Present invention embodiments relate to database technology, and more specifically, to virtualizing relations of a schema by mapping those virtual relations to a single underlying real database relation.
In a relational database, information is organized into one or more relations (also referred to as tables). Each relation comprises a set of records (also referred to as rows) having a common set of attributes (also referred to as fields or columns). The structure of the database (e.g., the tables, the columns of each table, the data types of each column, and other constraints) is governed by the database schema, which may be defined using a data definition language (DDL). Conventional relational database management systems (RDBMSs) support common features of Structured Query Language (SQL), including the data definition language (DDL) elements CREATE, DROP, and ALTER, and the data manipulation (DML) elements INSERT, DELETE, SELECT, and UPDATE.
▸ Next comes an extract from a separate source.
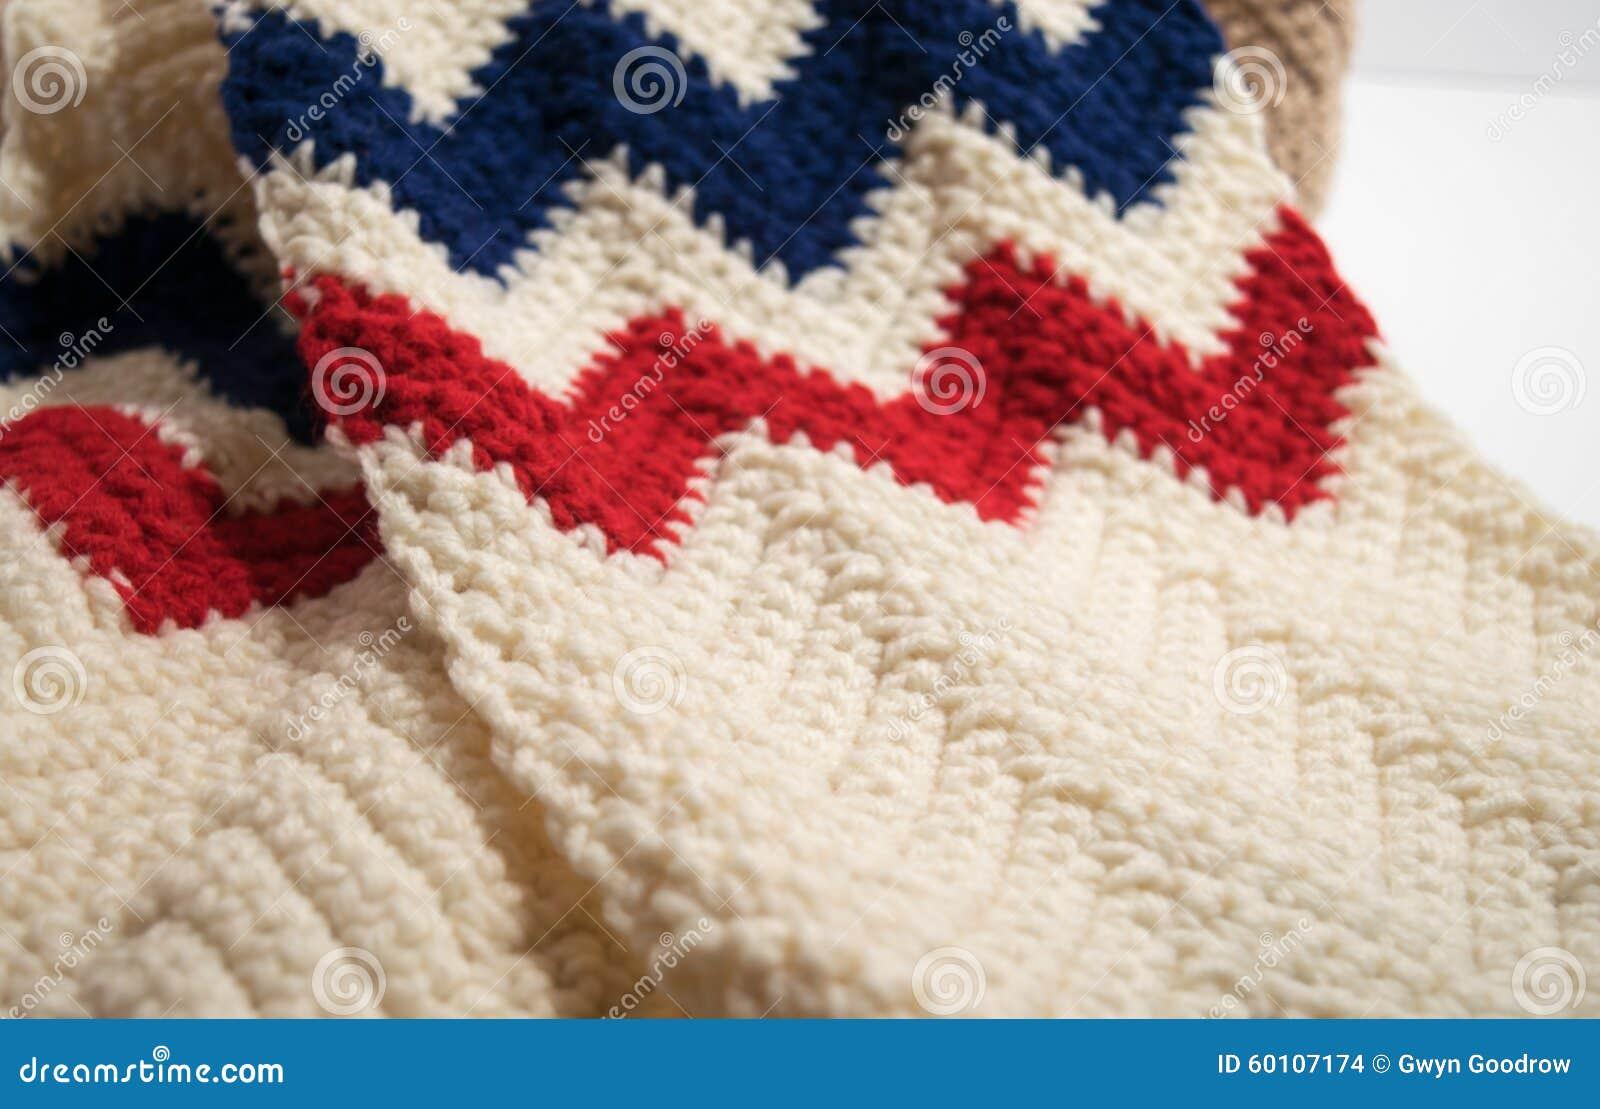 USA Patriotic Scarf In Single Crochet Stitches Stock Photo - Image ...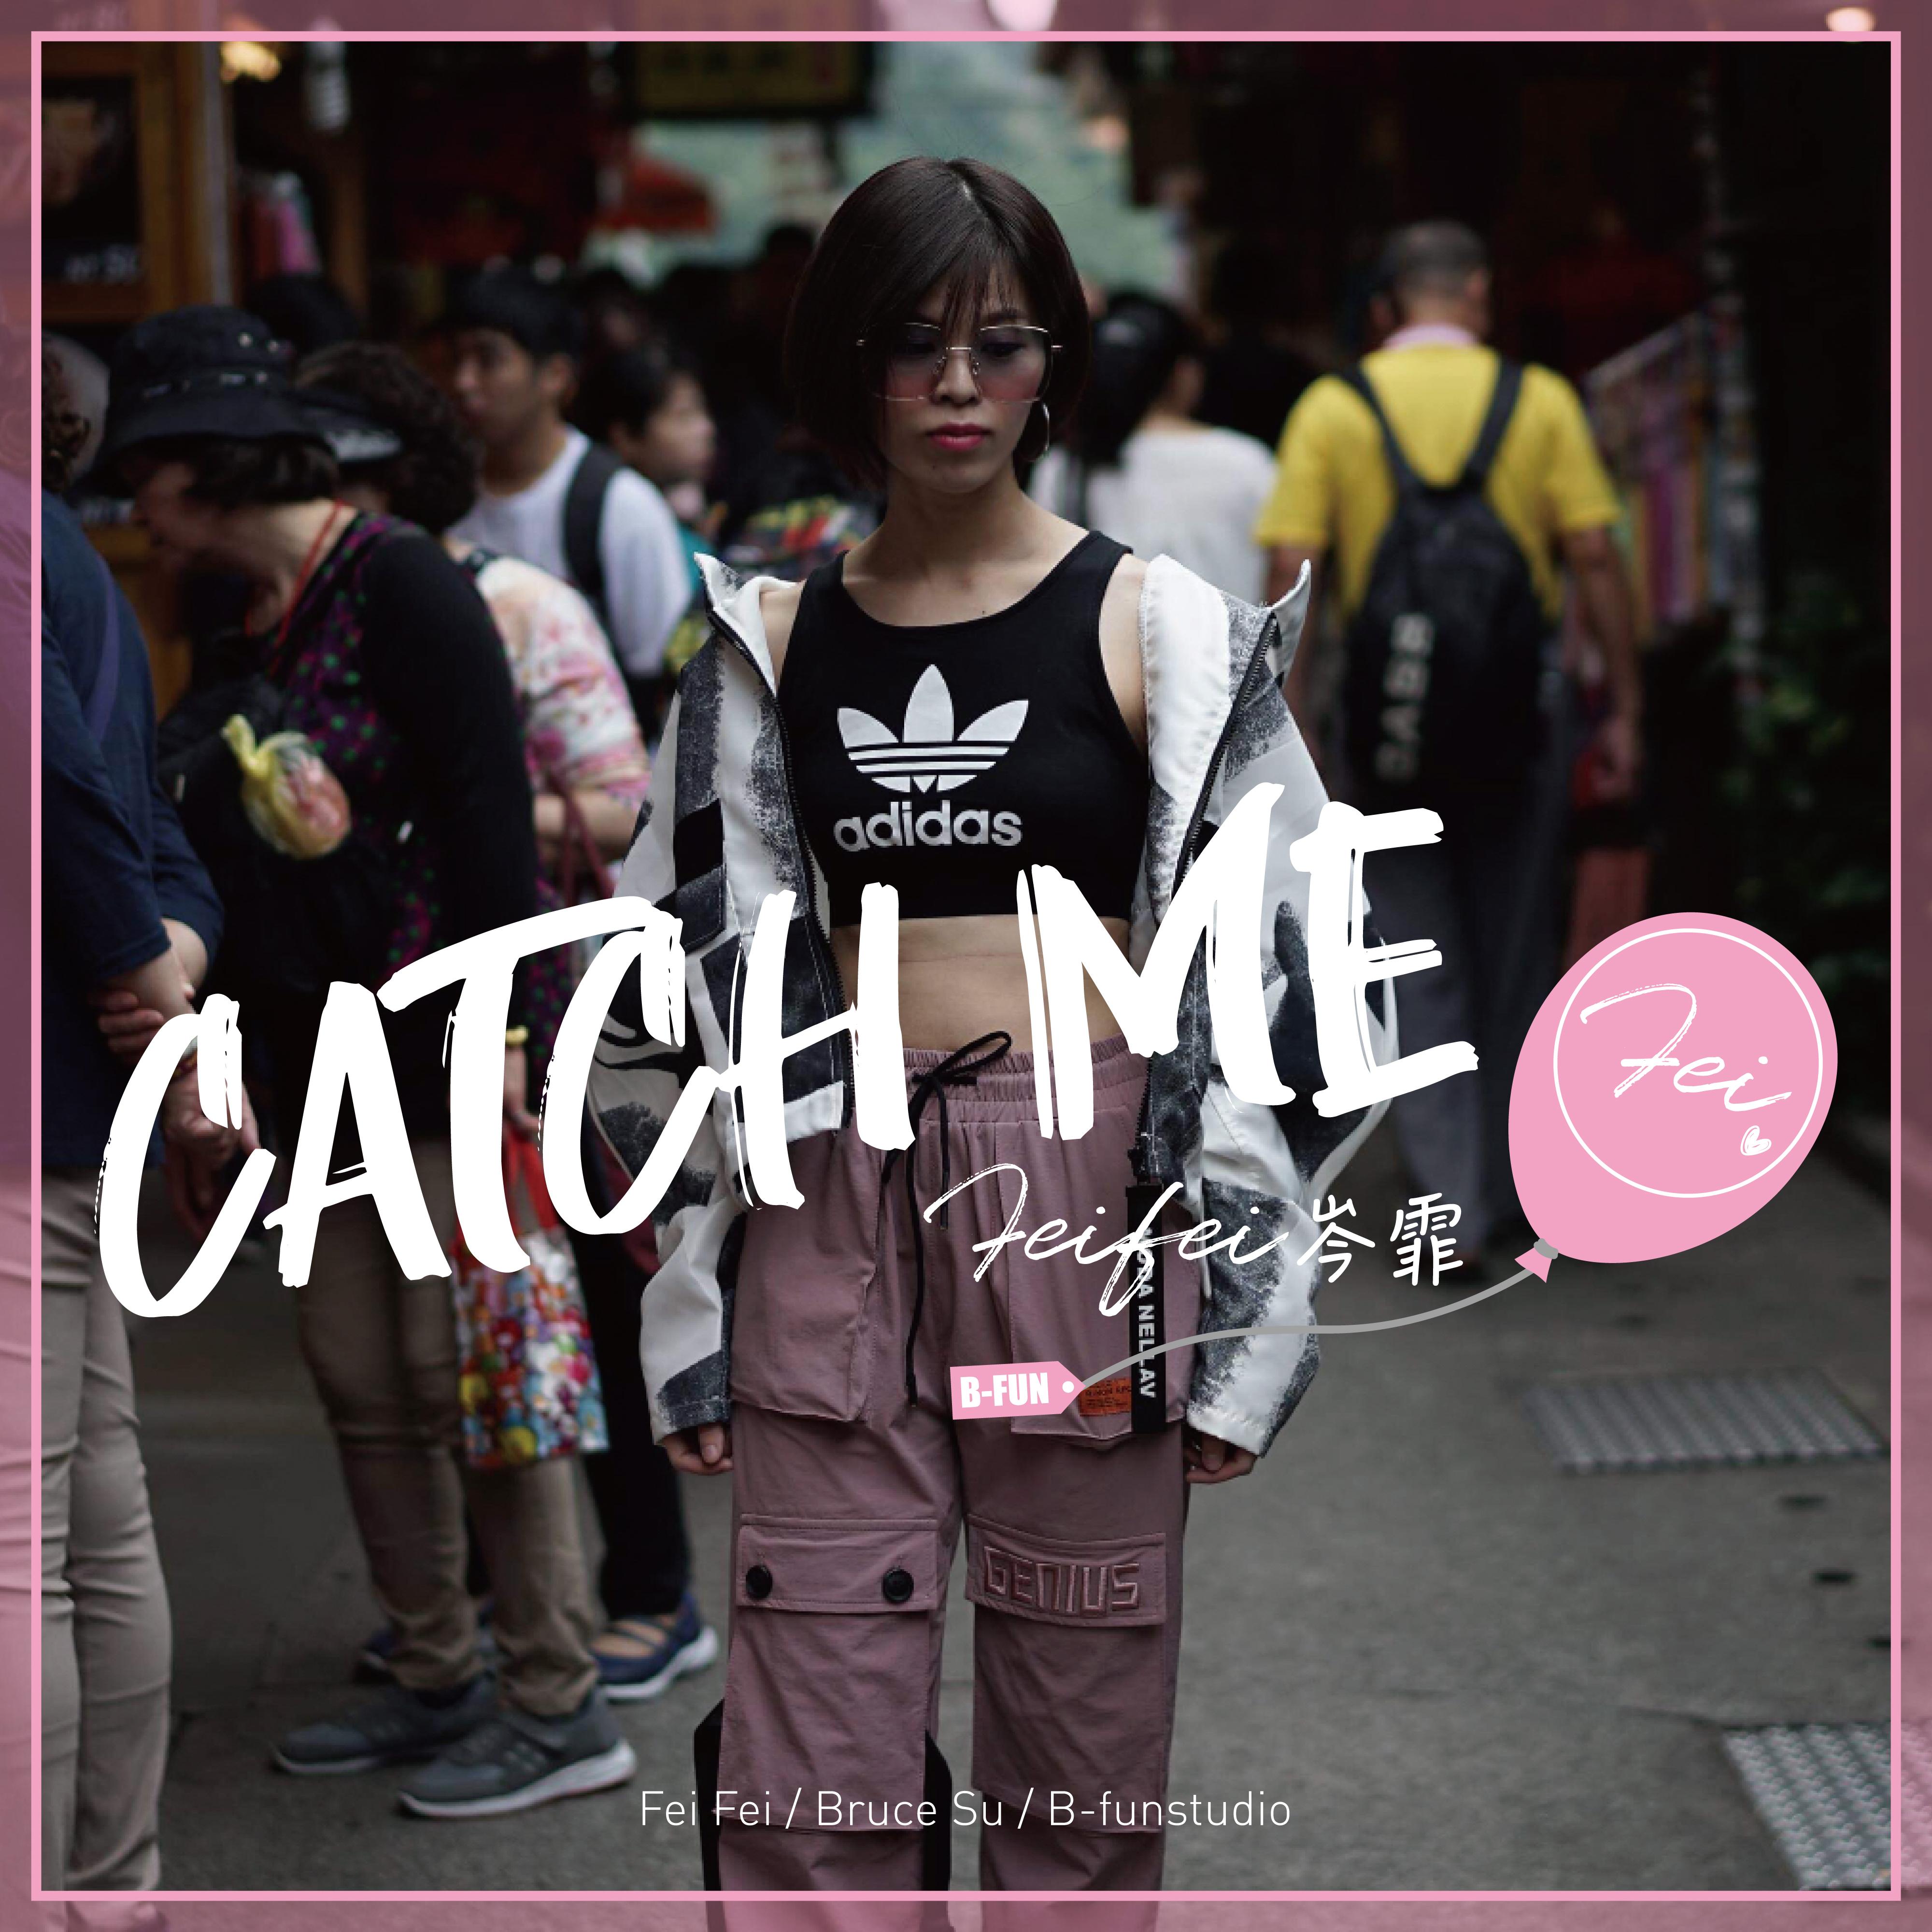 岑霏Fei Fe:Catch me

Changes to a relational database schema may be inefficient. For example, an ALTER TABLE operation may take a long time to process because the underlying data must be physically restructured. The process of restructuring the data may require additional storage that is two or three times greater than the table size. As a result, non-relational data stores (e.g., SPARQL_RDF, Triple Store, etc.) have been increasingly adopted for data domains where schema flexibility is desired. These non-relational data stores require reinvention of query languages, query optimization, indexing, and storage management and transaction management with ACID (atomicity, consistency, isolation, and durability) properties, which modern relational database technology already provide.